■ Information shown
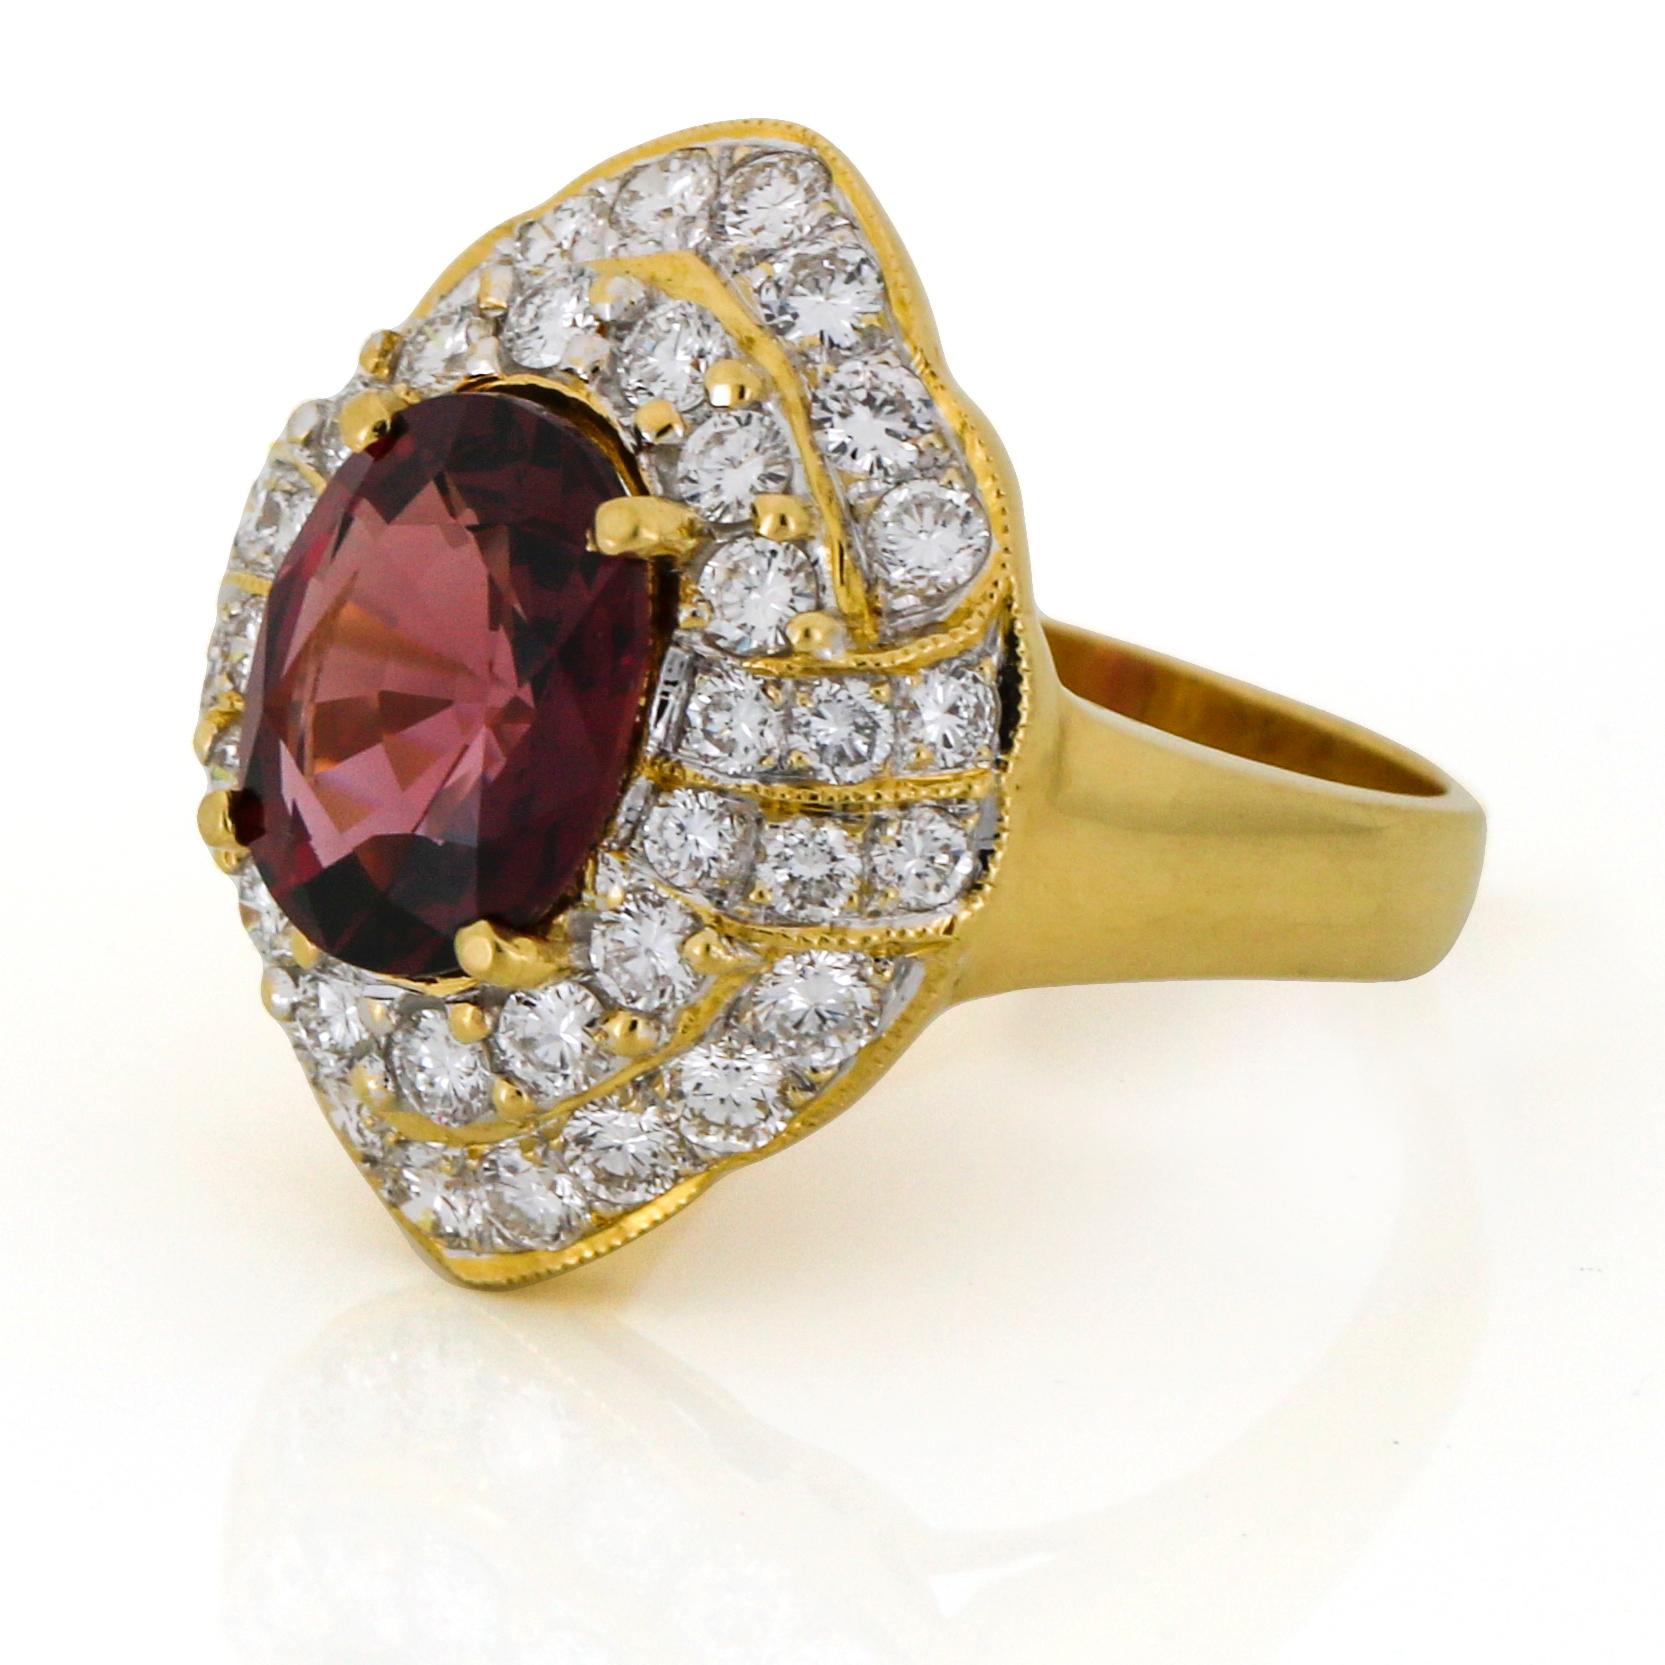 GIA 3.25 Carat Red Spinel Diamond Cocktail Ring in 18 Karat Yellow Gold For Sale 3
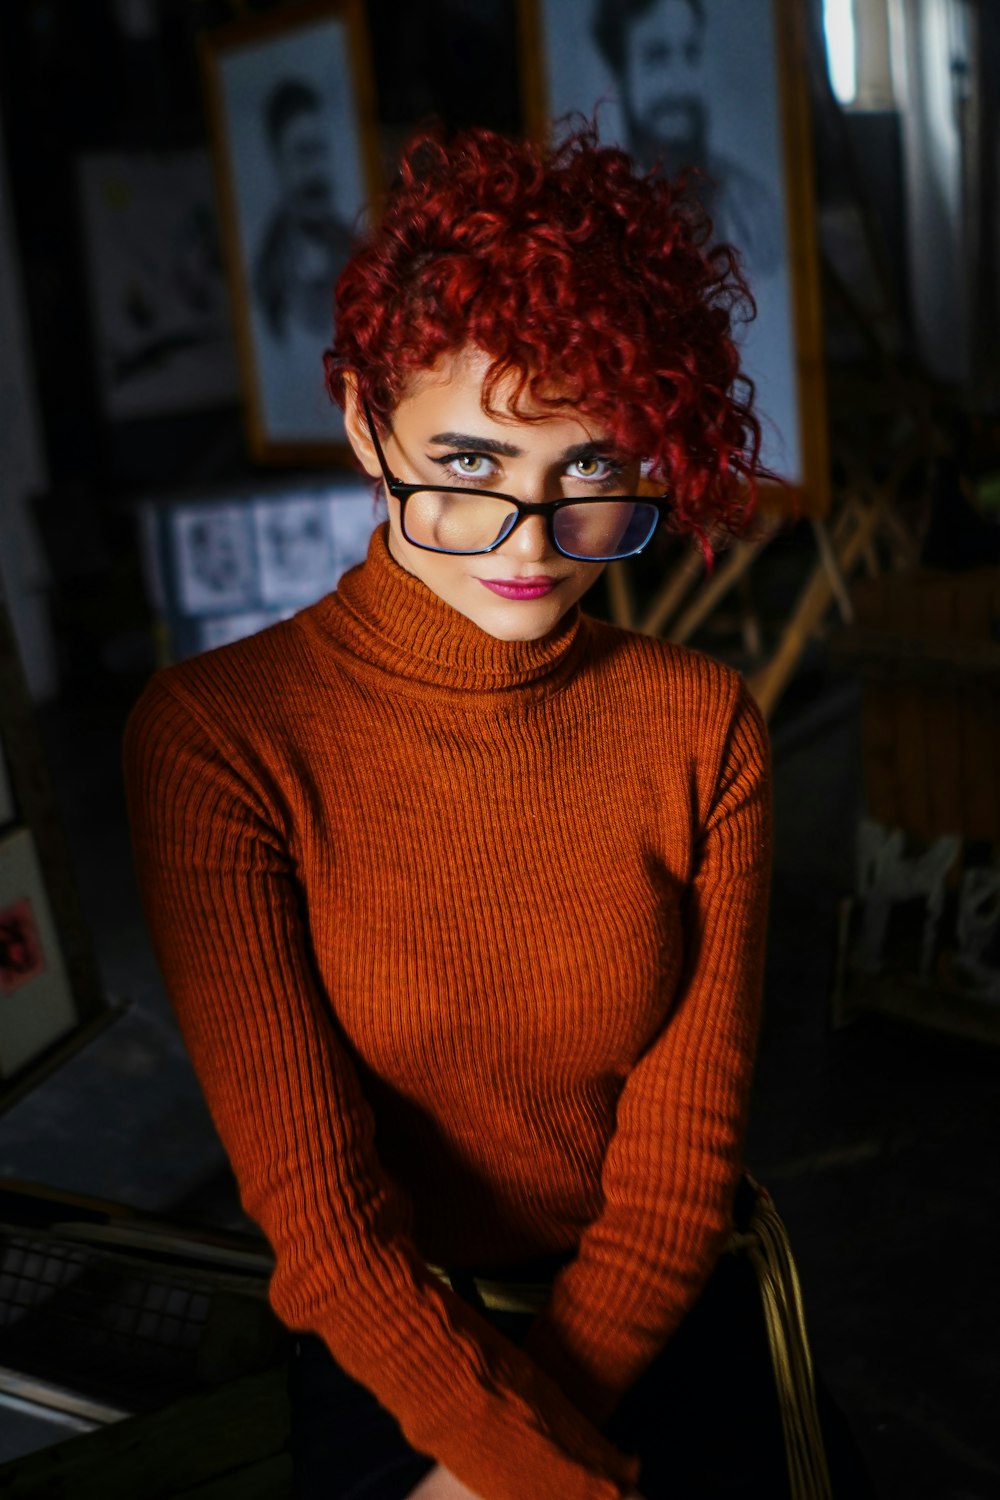 a woman with red hair and glasses sitting in a chair
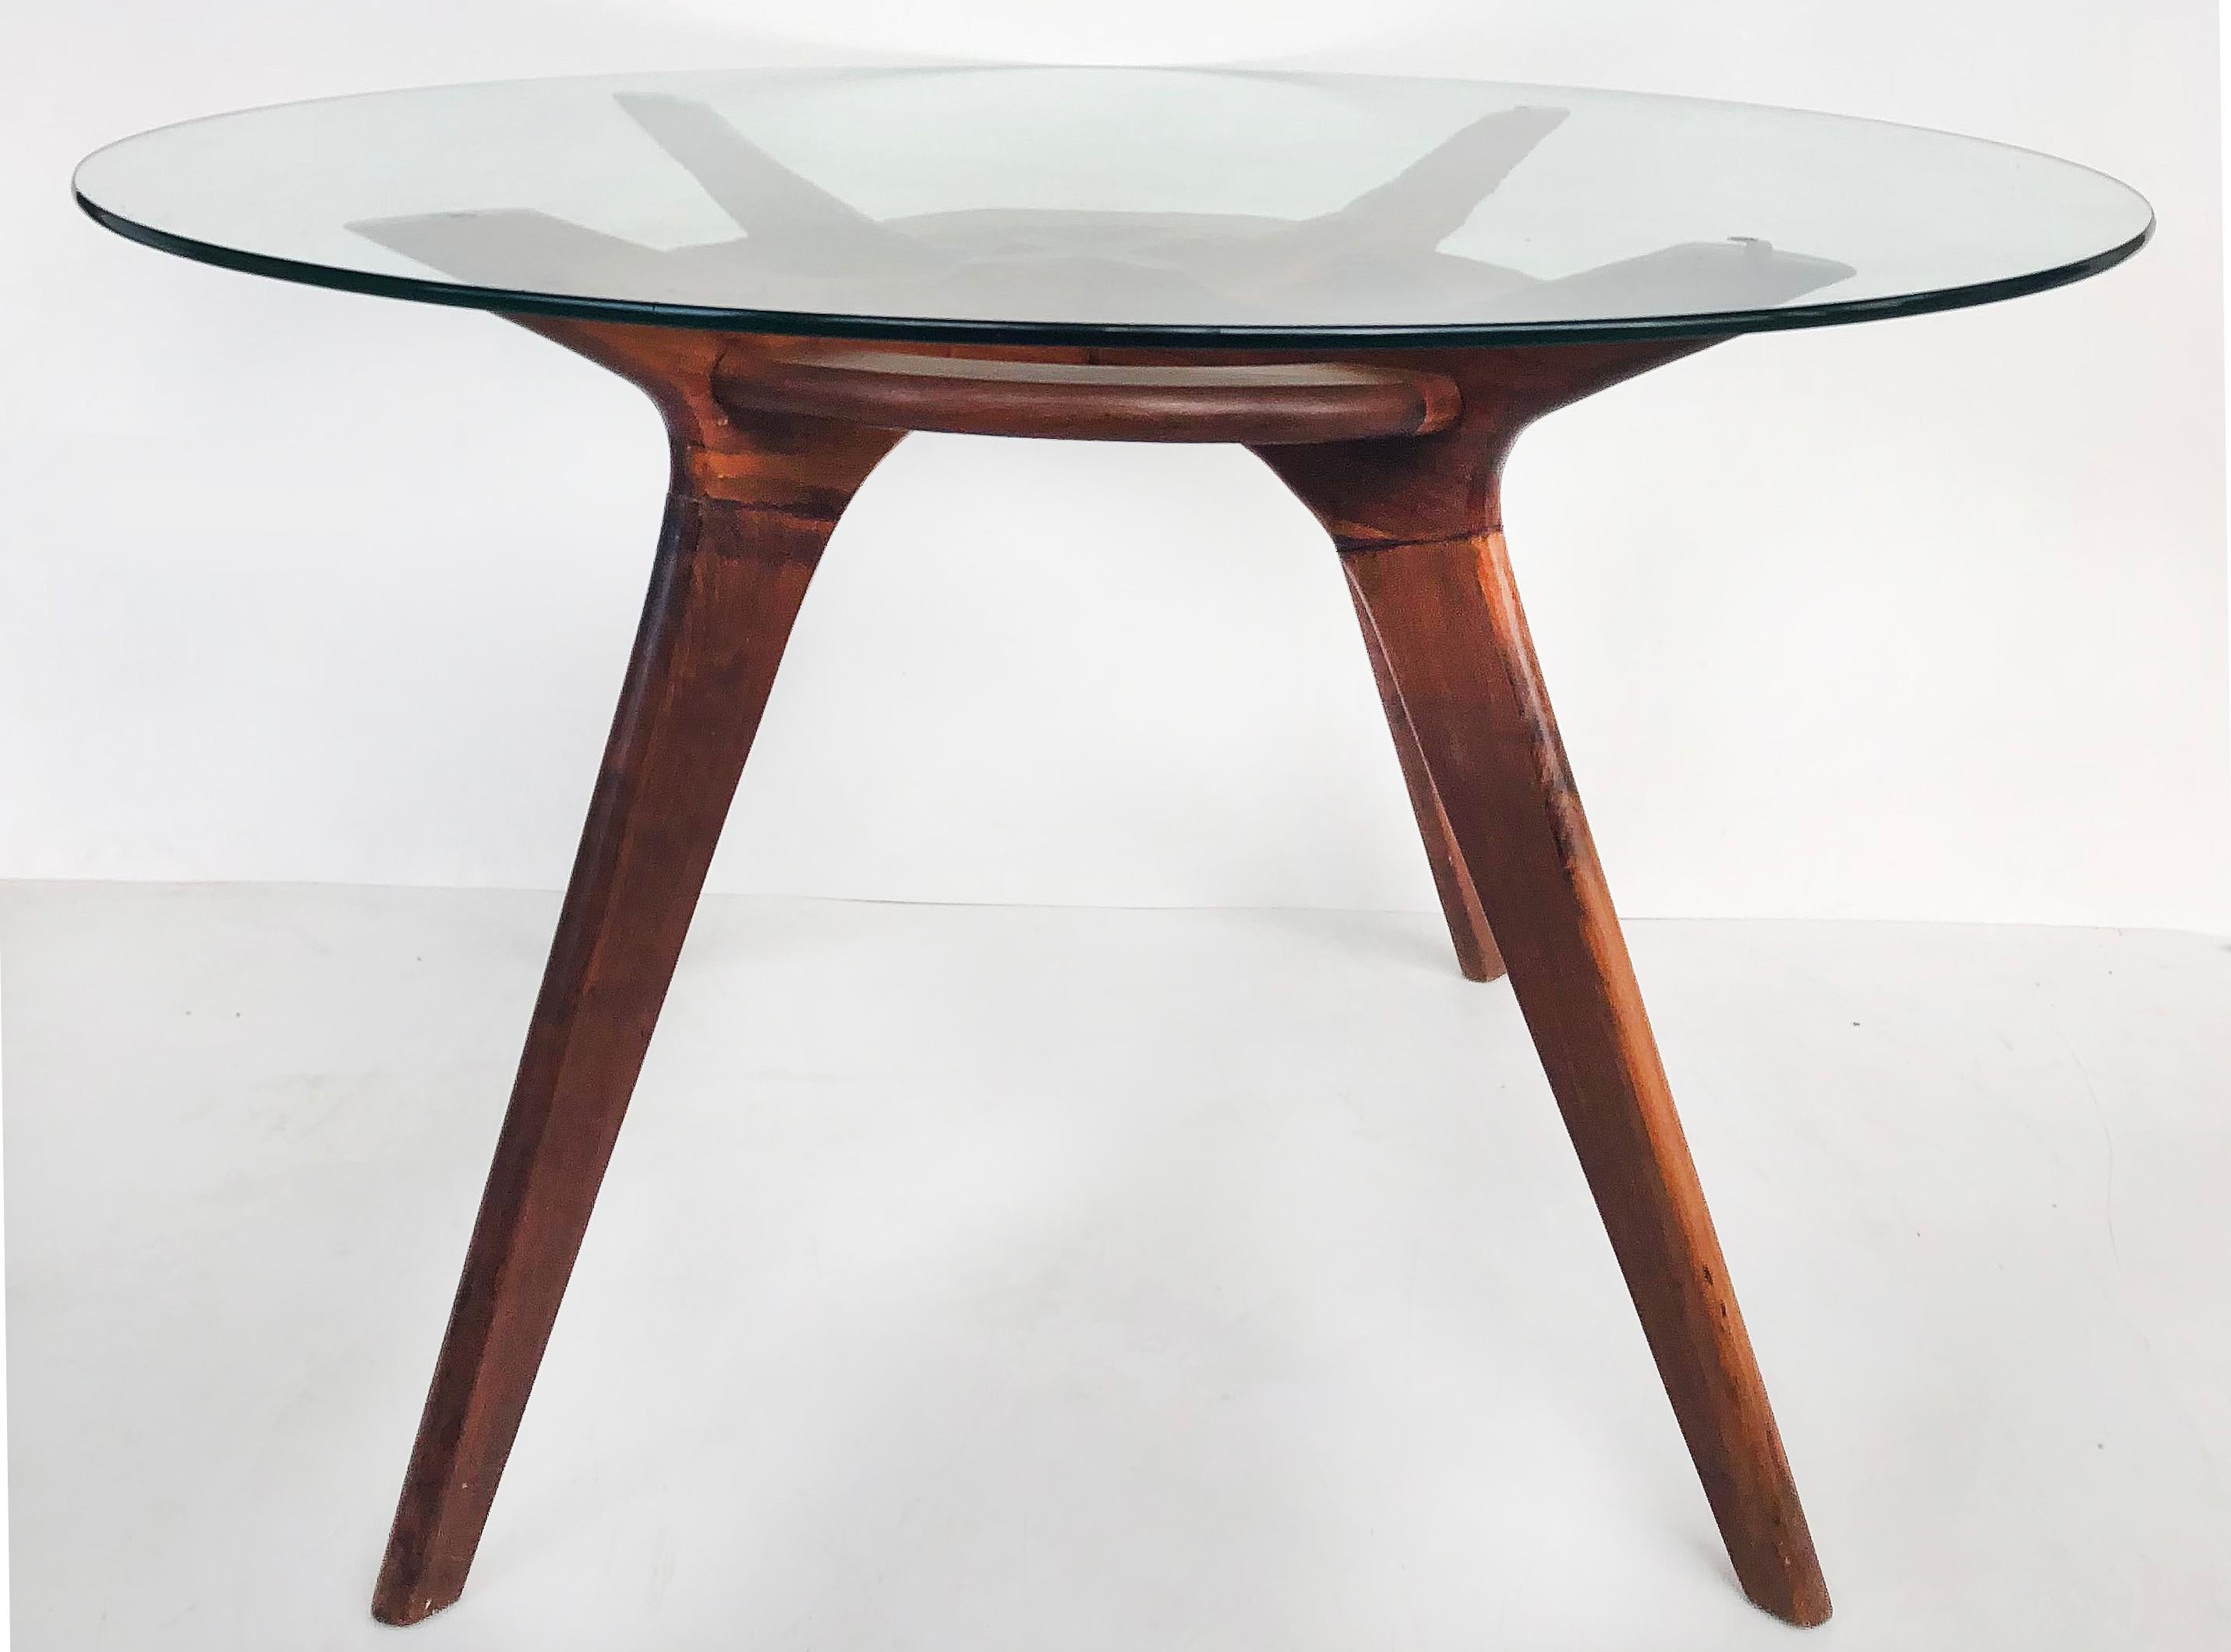 Offered for sale is an Adrian Pearsall glass top center/breakfast table with an oiled walnut base. The base supports a .5

■ What the task requires
Repeat the listing above verbatim, but exclude the pictures it contains.

■ Written response
 GIA 3.25 Carat Red Spinel Diamond Cocktail Ring in 18 Karat Yellow Gold For Sale 3
 a woman with red hair and glasses sitting in a chair
 Offered for sale is an Adrian Pearsall glass top center/breakfast table with an oiled walnut base. The base supports a .5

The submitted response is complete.